SYRACUSE, N.Y., Oct. 16 /PRNewswire/ -- Summerhill Biomass Systems is planting the seeds of innovation into the Syracuse Tech Garden.
Summerhill, named after the Cayuga County community where the technology was developed, has pending patents across the globe on its system for grinding up timber, brush, corn stalks and other plant waste and converting the fine powder into heat.
Dr. James T. McKnight, Summerhill president and co-founder, said he's eager to prove that this solid form of renewable energy is more efficient than ethanol and other types of biomass produced around the world. Central New Yorkers will be among the first to witness a locally-produced energy system that has global potential. "Photosynthesis as biomass is the most efficient way to store solar energy, and excess quantities are being stored this way all the time. Summerhill just provides the most efficient way to use this stored solar energy" said McKnight, who helped develop products for DuPont and Johnson & Johnson as an organic chemist before founding Summerhill with sons Kim and Steven in 2006. "By contrast, when you grow corn, 95 percent of what you grow (stalk) is wasted.
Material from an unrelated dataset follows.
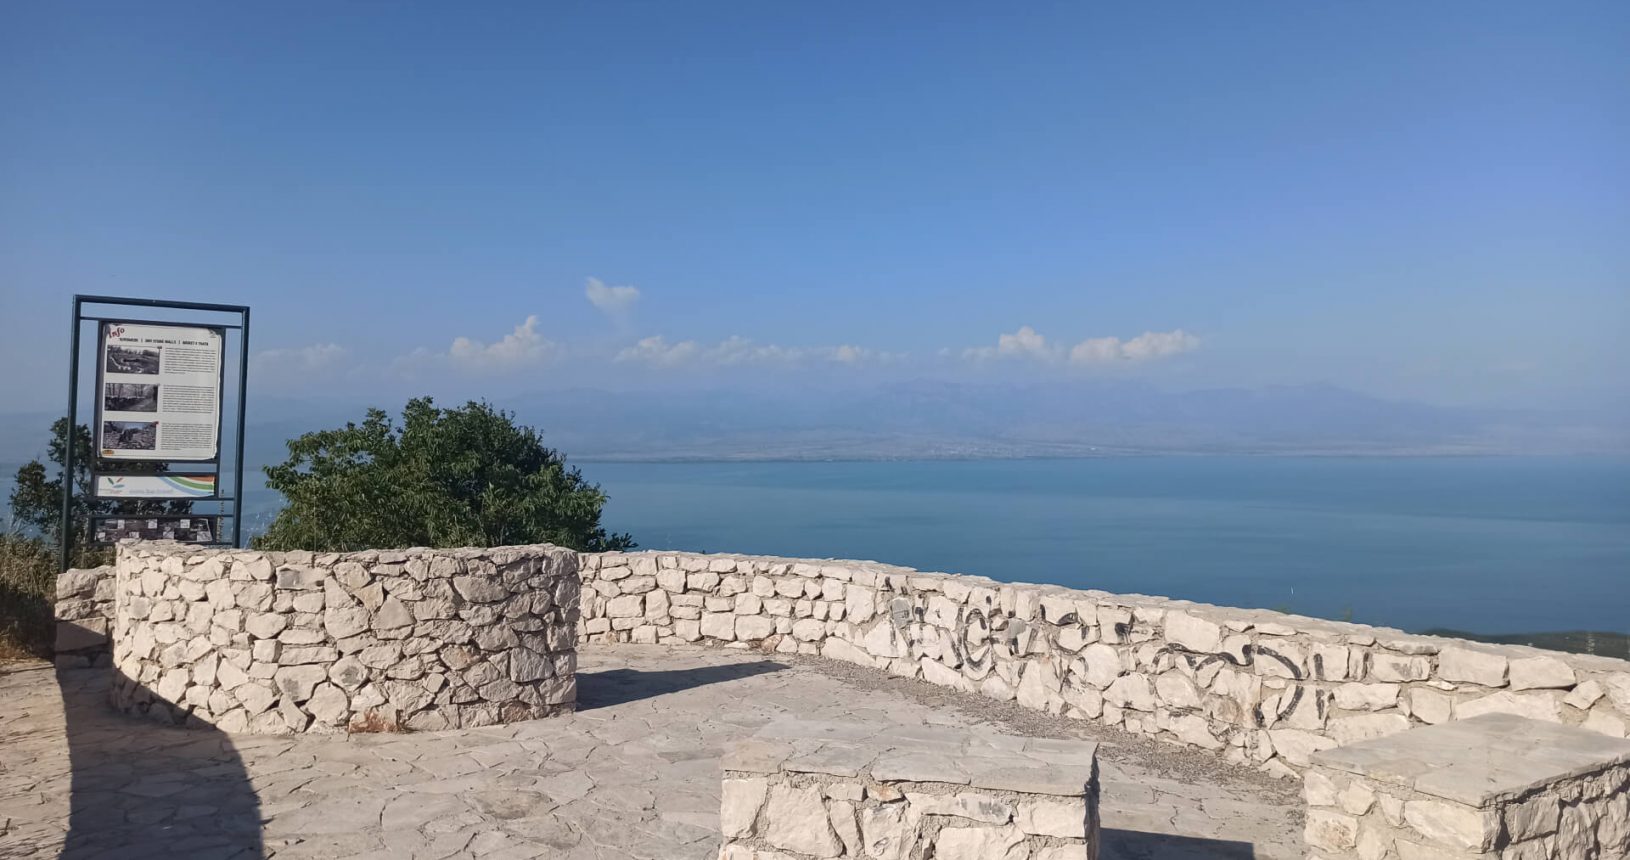 Stony observation point at Viewpoint Livari

Then you take the corn off, and it's expensive to convert to ethanol."
"The consistency of the powder is midway between baking flour and confectionary sugar," added Summerhill Co-Founder Kim McKnight. "The way it burns, we're pretending it's a gas, without it actually being a gas."
Lee McKnight, also James' son, serves on the Summerhill board of directors and was on hand at the expo to present the company's technology. In his earlier work with Wireless Grids Corp., Lee McKnight created software that allows users to grid together computers, MP3 players, printers and cell phones so that those devices could share files and hardware across multiple networks. That software will be considered for control of biomass energy in Urban Farm/ Greenhouses, by the SEED project which includes both WGC and Summerhill alongside other innovative businesses in the Syracuse region, to benefit communities, businesses, and students through experiential learning. "Innovative technology is for me a real or virtual family affair," iSchool Associate Professor Lee McKnight said. "I'm extremely proud of the work my father and brothers have done in the field of renewable energy. I hope people agree with me that Summerhill has tremendous potential."
"Through SEED, Lee McKnight and his team are exploring the frontier where green and information technologies meet," says Syracuse University Chancellor and President Nancy Cantor. "Both their innovations and their entrepreneurial spirit resonate deeply with longstanding strengths of Syracuse University and Central New York. In a real sense, then, SEED connects our past, present, and future."
Syracuse University iSchool Dean Elizabeth D. Liddy added, "The SEED project showcases the new possibilities created through interdisciplinary work," said Syracuse University iSchool Dean Elizabeth D. Liddy. "Only through such an innovative project would researchers think to use wireless grids technologies and the agricultural waste of cornstalks to enhance the lives of Syracuse city residents through an urban greenhouse."
Dr. James McKnight said his powder would cost less than heating oil, including delivery. It could also be used to heat commercial or institutional greenhouses, or in agricultural bins for drying out grain. Summerhill will be equipped to retrofit its system at homes or businesses that used heating oil or propane.
This concept was showcased Thursday, Oct. 15, at the Syracuse Tech Garden's Fall Tech Expo. Several other companies had display booths on their new innovations as well.
Dr. McKnight presented his technology last year at the World Bank Alternative Fuels Symposium. The powder burns between 5/100ths and 1/10th of a second, and emits no smoke or odor even at 1 million BTUs. Summerhill previously obtained a $75,000 grant from the New York State Energy Research and Development Authority (NYSERDA) Agreement #10826 for feasibility studies and is currently seeking additional accredited investors. The company is also contending for state and federal grants. Funding would be used to further develop the McKnight family's technology to the point where it could be sold to residential and commercial customers throughout the northeast and beyond. SUNY ESF and Cornell University are partners in exploring the concept.
"We feel there will be support for this because, with this system, you're not using cultivated land. You're not using any fertilizer. Instead, you're using leftover wood and brush, which potentially cause fires. We intercept the decay process," Dr. James T. McKnight said.